Nicholas Karamzin, “Memoir of Ancient and Modern Russia”

Nicholas Karamzin is a Russian writer, poet, historian and critic. Karamzin wrote memoirs to try and change how the government was being run. He is also known as the founding father of Russian Conservatism. Alexander I greatly valued his advice on political matters and in 1811 Karamzin presented his work to Alexander to try and persuade him. 1811 was still considered a liberal period in Alexander’s rule so this could have had some affect on why the memoirs had little effect, and Mikhail Speransky was influential in Alexander’s life helping to push reforms of the government and government departments. Russia was also on the verge of going back to war with France. The major theme of the document is criticizing Mikhail Speransky (without ever calling him out) and the liberal government. Karamzin believed Alexander was a good ruler, and it was the liberal government and influences that was causing the problems in his reign. He criticized everything from Peter the Great, Catherine II, education, serfdom, and the overall government setup. The memoirs had no practical effect but it became an important piece of Russian literature.

Discussion Questions:

1.) Why didn’t Karamzin name Mikhail Speransky in the document?

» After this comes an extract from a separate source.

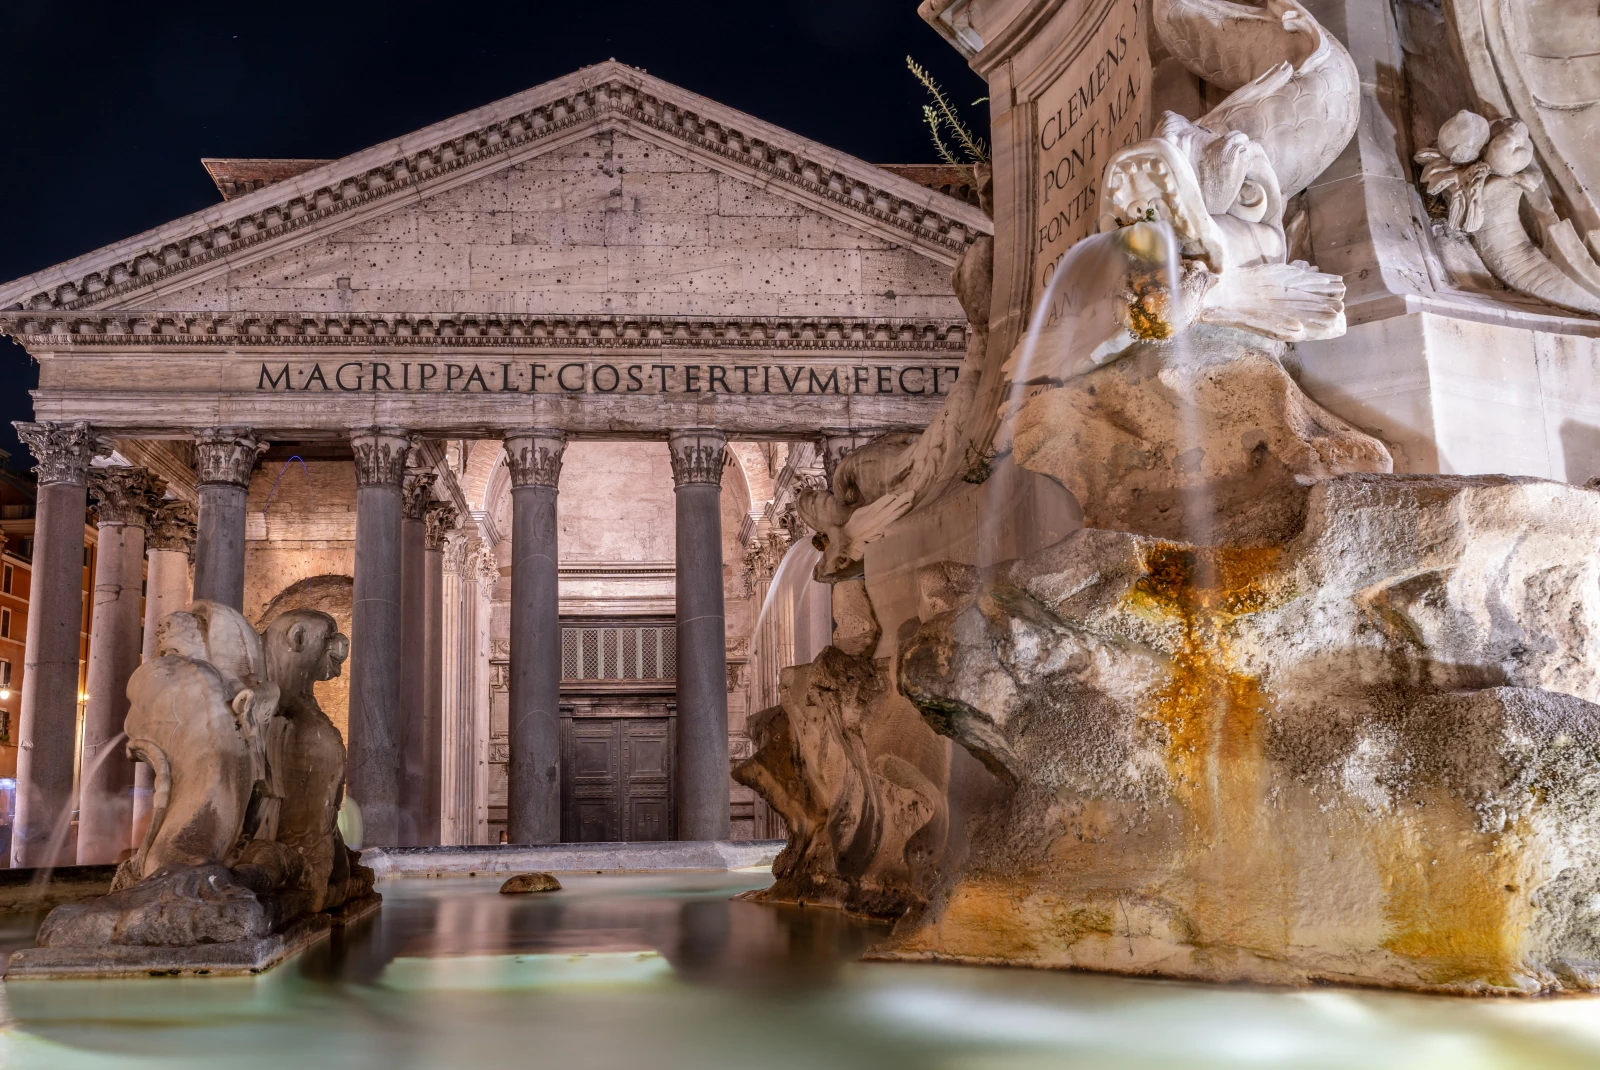 The Pantheon in Rome, Italy at night lit up with white lights reflecting on the stone.

2.) In the document Karamzin speaks highly of Alexander. Can we consider this document as propaganda for the Tsar? If yes, why would Alexander need such a document? What can this tell us about his situation and could it have been used for a broader influence as well?

3.) Can we consider Alexander a conservative ruler going against Peter the Great and Catherine II’s previous policies? Why might he want to portray Alexander as a conservative compared to Peter and Catherine? 

4.) How does Karamzin use people to legitimize his point of view through the document? (People’s willingness to change, the Senate, ex pg 283)

5.) What problems is Karamzin pointing out in the Russian Government?

6.) According to Karamzin, why is western influence on education a bad thing for the people? Could he believe that all western influence on Russia is bad, and would he not consider Russia to be a European country?

7.) How is the struggle between liberalism and conservatism in Russia affected by international situations like the French Revolution and Napoleon? 

8.) Even though Karamzin says that Alexander is a good, caring, kind ruler of Russia why is he trying to persuade Alexander not to emancipate the serfs?

9.) Why does Karamzin only focus on men in the Russian society (only mentions Catherine II) and not women and the roles they play?

10.) How is Karamzin making disguised attacks against Speransky in the last section of the document? 

One Reply to “Nicholas Karamzin, “Memoir of Ancient and Modern Russia””

  1. Concerning question #8 I believe that Karamzin would argue that in keeping the serfs enslaved that Alexander is again proving himself to be good, caring ruler. In his writing he argues that if serfs were freed from their current bondage they would have no place to go, as all land is owned by the gentry class, an indisputable truth. This would leave them, according to Karamzin, with only two options: to serve the land owner they had prior to their freedom, or to move on to a less demanding land owner. If they were to remain on the land of their previous land owner, they would be forced into harsh contracts, likely placing them into a state worse than before. If the serfs were to move on, it would be possible that many landowners would lose their ability to produce an adequate amount of agriculture, leaving them unable to pay their necessary dues to the state. Likely his most convincing argument at the time was his argument that the only way to free all serfs was to declare all men to be equal. A sentiment that was more than likely held by a minority of people.